Monday, 21 November 2011

A third party? Virophage control of host-virus dynamics

Antarctic lakes are an example of a microbially dominated ecosystem; they support a low number of metazoans. In truncated food webs such as these viruses are expected to have an increased role in the microbial loop.
Because of the low complexity of Antarctic lake systems it is possible to do whole community-based molecular analyses, with the idea that the role of viruses in microbial dynamics can be more understood, it is this that is the paper’s aim.
This paper reports the analysis of surface water from Organic Lake, highlighting the presence of a previously described virophage, a small eukaryotic virus that requires a helper Acanthamoeba polyphaga mimivirus (APMV) to replicate.

A complete genome was constructed for the Organic Lake virophage (OLV) (only the second described after Sputnik), and near complete genomes of its probable helper Organic Lake pychodnaviruses (OLPVs).

Water and microbial biomass samples were collected from Organic Lake, Antarctica, in December 2006. Organic Lake is hyper-saline, shallow (7m) and meromictic (stratified), with varying surface temperatures (-14 to +15 C). Viral abundance has been reported to increase with trophic status and with salinity in Antarctic lakes.

Using PCR and sequencing it is known that the virophage genome is circular (like the genome of Sputnik). With the use of TEM virus-like particles were found that were similar in size and morphology to Sputnik. The large number of homologs indicates that Sputnik and the OLV also have physiological similarities. However, the OLV is different from Sputnik because proteins share 27-42% amino acid identity.

There is evidence for gene exchange and possible coevolution between virophages and pychodnaviruses (PVs).
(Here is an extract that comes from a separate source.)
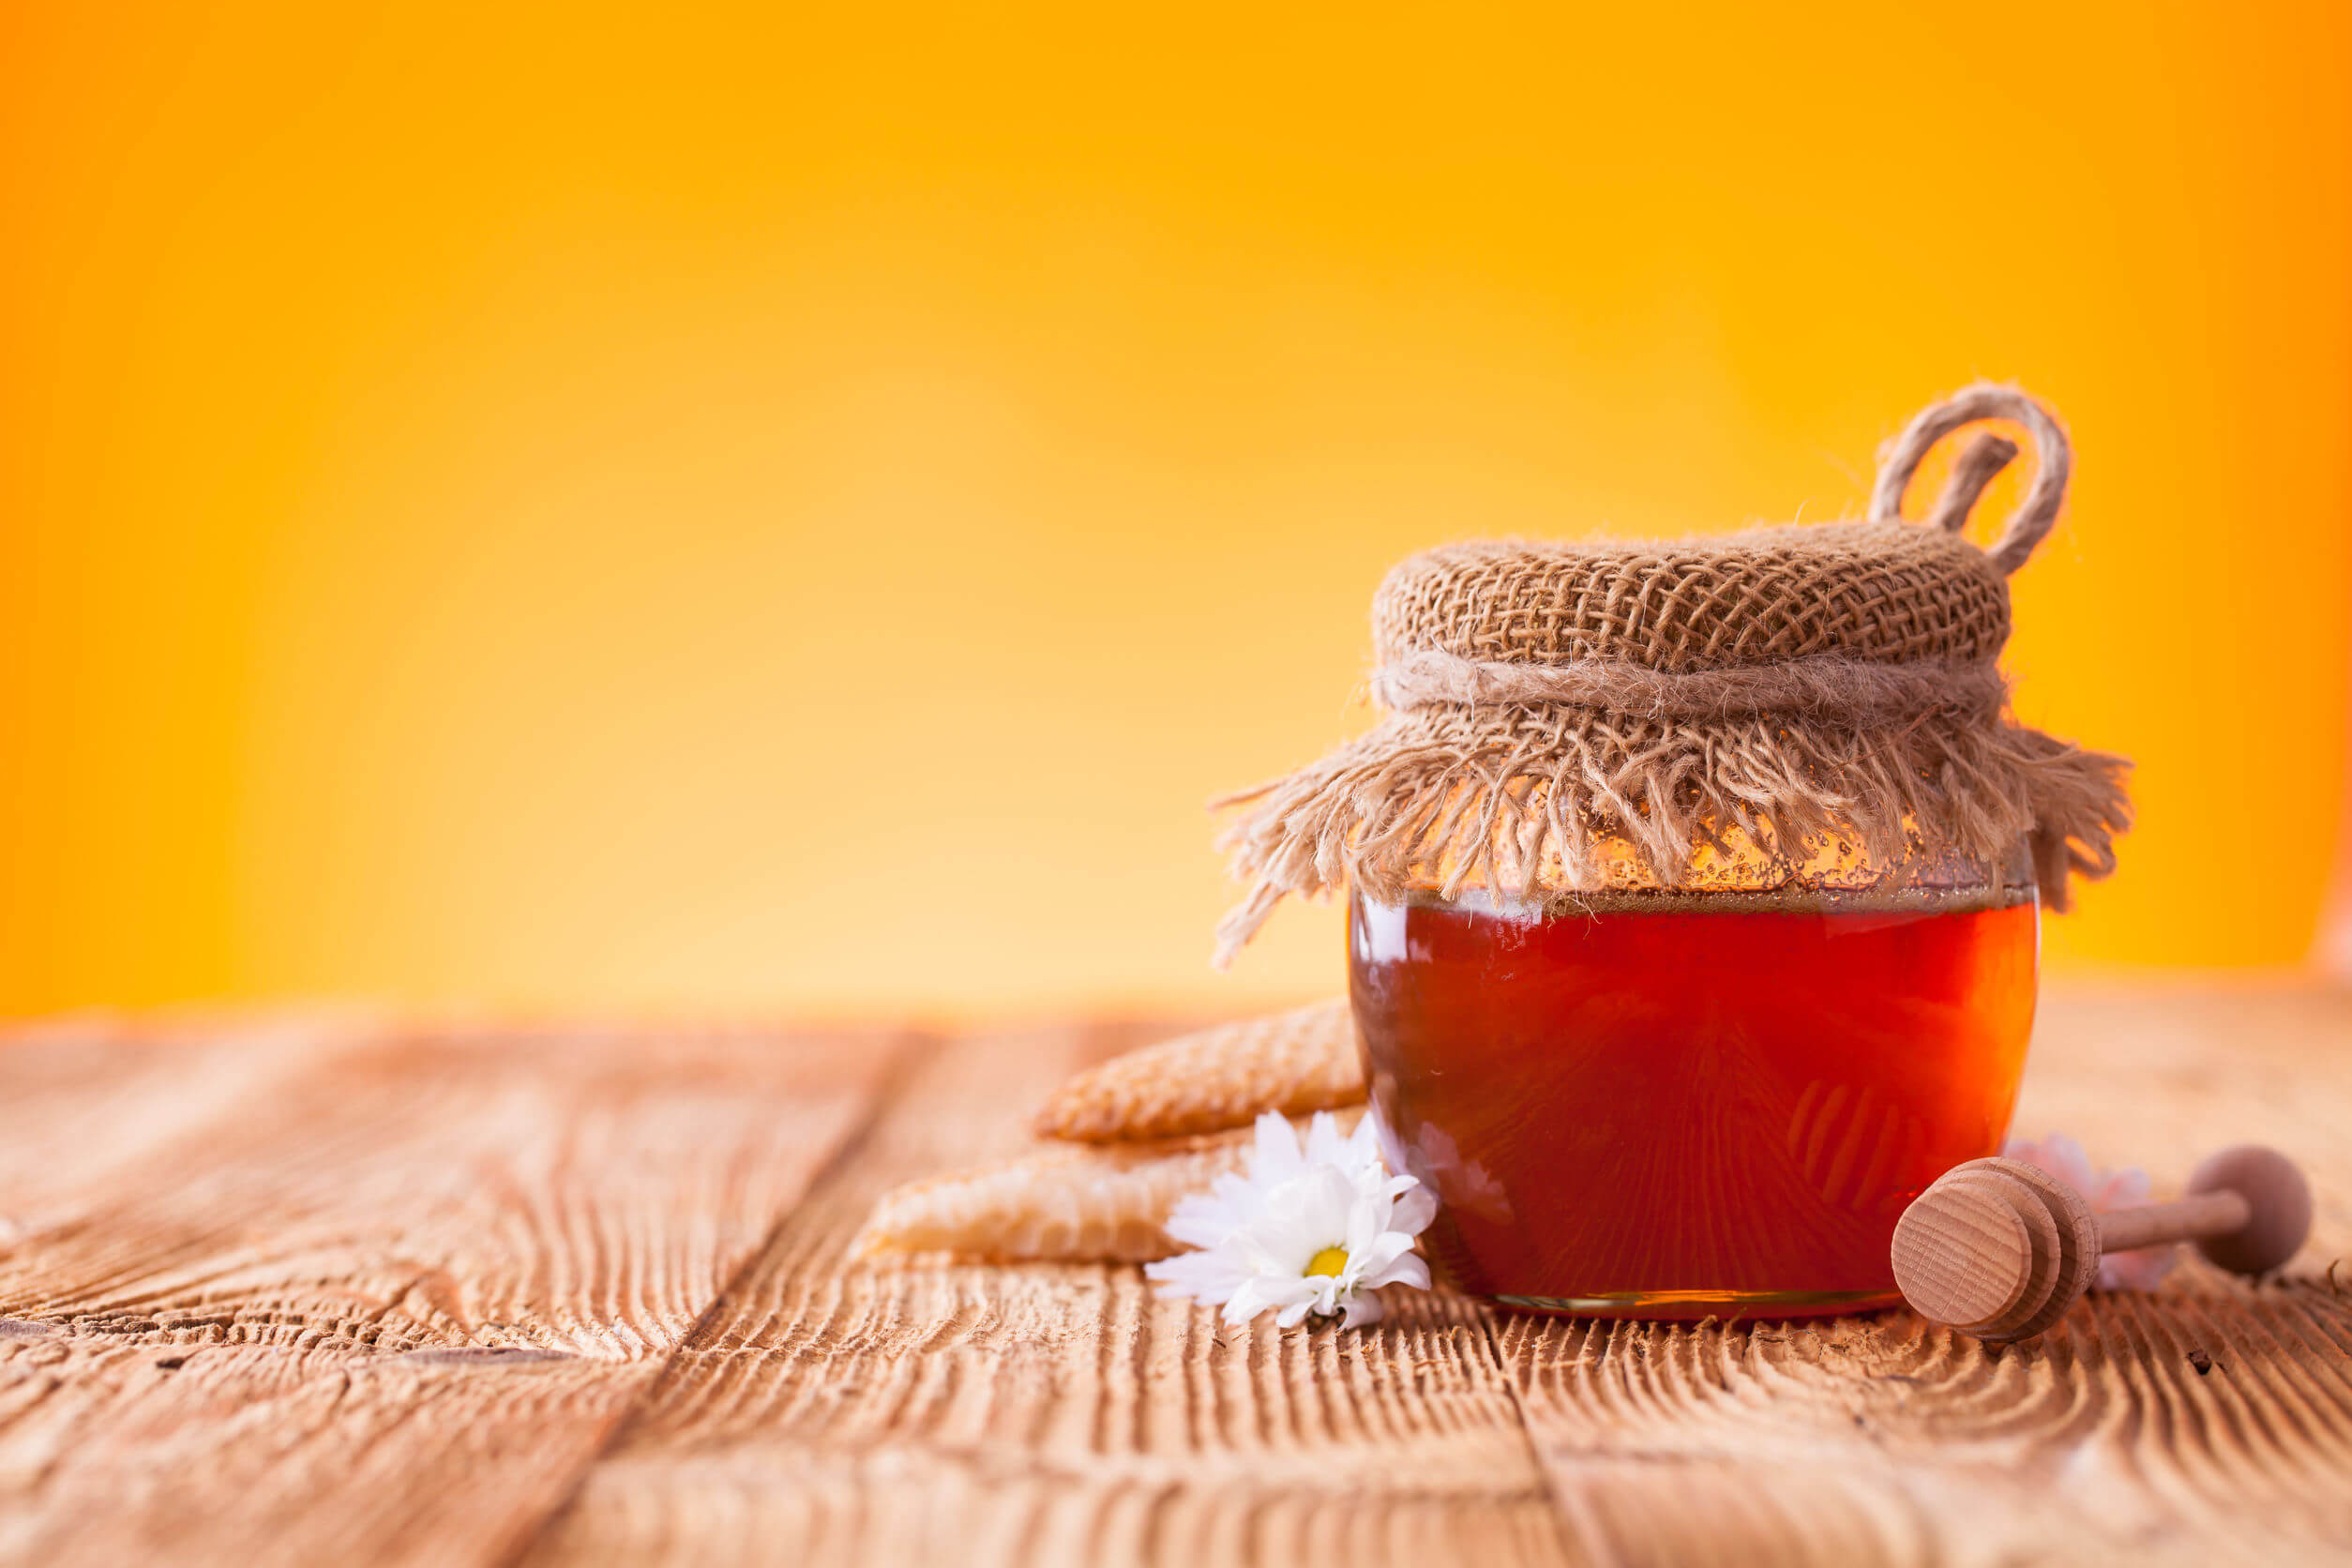 Botulisme kan optreden bij de consumptie van honing.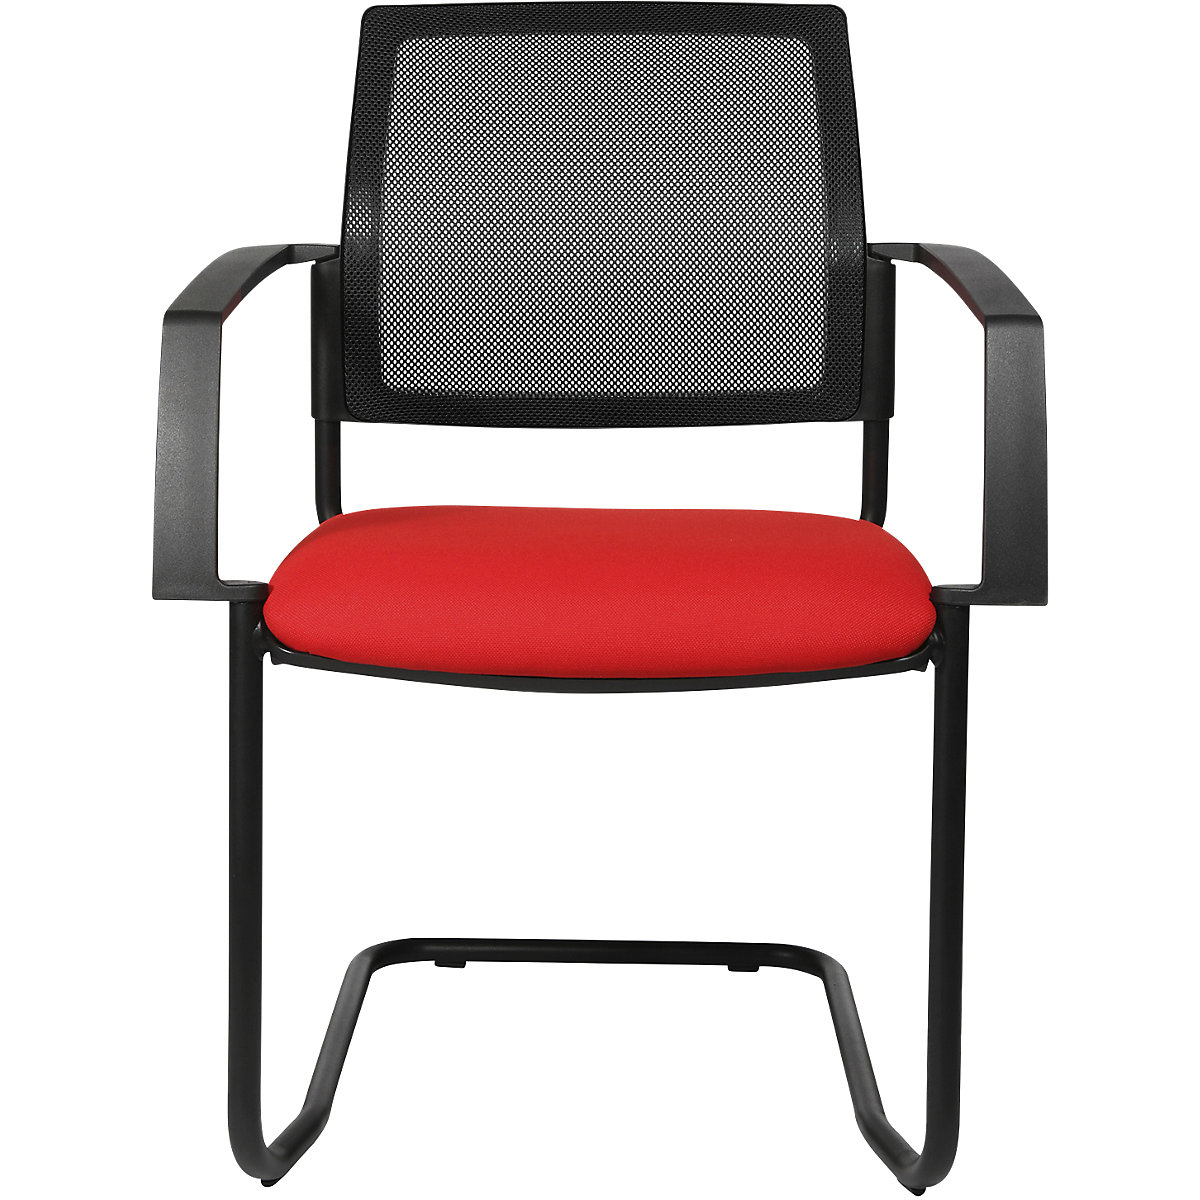 Mesh stapelstoel – Topstar, sledestoel, VE = 2 stuks, zitting rood, frame zwart-6

From comparison between OLV and OLPV a 7,408-bp region was identified in OLV encoding six proteins with identity (32-65%) to sequences in OLPV. Genes from this region of OLV can be mapped to OLPV.

To test how OLV affects OLPV and host population dynamics, OLV was modelled as an extra predator in a Lotka-Volterra simulation, with the model revealing that the virophage stimulates the flux of secondary production through the microbial loop by reducing overall mortality of the host algal cell after a bloom and also by increasing the frequency of blooms during the summer light periods.

Two years after the initial samples were taken, in November and December 2008, it was found that sequences with 99% amino acid identity to OLV persisted. Also, sequences with lower identity (25-90%) were detected, signifying that OLVs are diverse.

Surface samples from a nearby lake (Ace Lake), had a large number of sequences matching OLV and PVs. In further water samples including tropical lakes, an estuary and an ocean upwelling site virophage signatures were also discovered.

This paper specifies that many virophages exist, and that they play an important, previously unrecognised role in regulating the host-virus interactions, and therefore influencing ecosystem function in aquatic environments.

Although the paper mainly focuses on Antarctic lakes, virophages have also been found in marine environments. It is possible that with further research more virophages will be found in more marine environments. I personally found this paper a hard read, but with perseverance I found it an interesting read none-the-less. I believe this paper will be the first of many more discovering virophages.

A review of;
Yau S, Lauro FM, DeMaere MZ, Brown MV, Thomas T, Raftery MJ, Andrews-Pfannkock C, Lewis M, Hoffman JM, Gibson JA and Cavicchioli R (2011) ‘Virophage control of Antarctic algal host-virus dynamics' PNAS. 108(15), 6163-6168.

1 comment:

Colin Munn said...

This is a really hot area of research and we will be exploring in the seminar. Sputnik was the first such virophage, infecting Mimivirus. A virophage has recently been found associated with the Cafeteria roenbergensis virus. since C. roenbergensis is one of the most abundant grazing protists, the concept discovered in Organic Lake shows that there is another layer of complexity controlling host populations and influencing nutrient flow.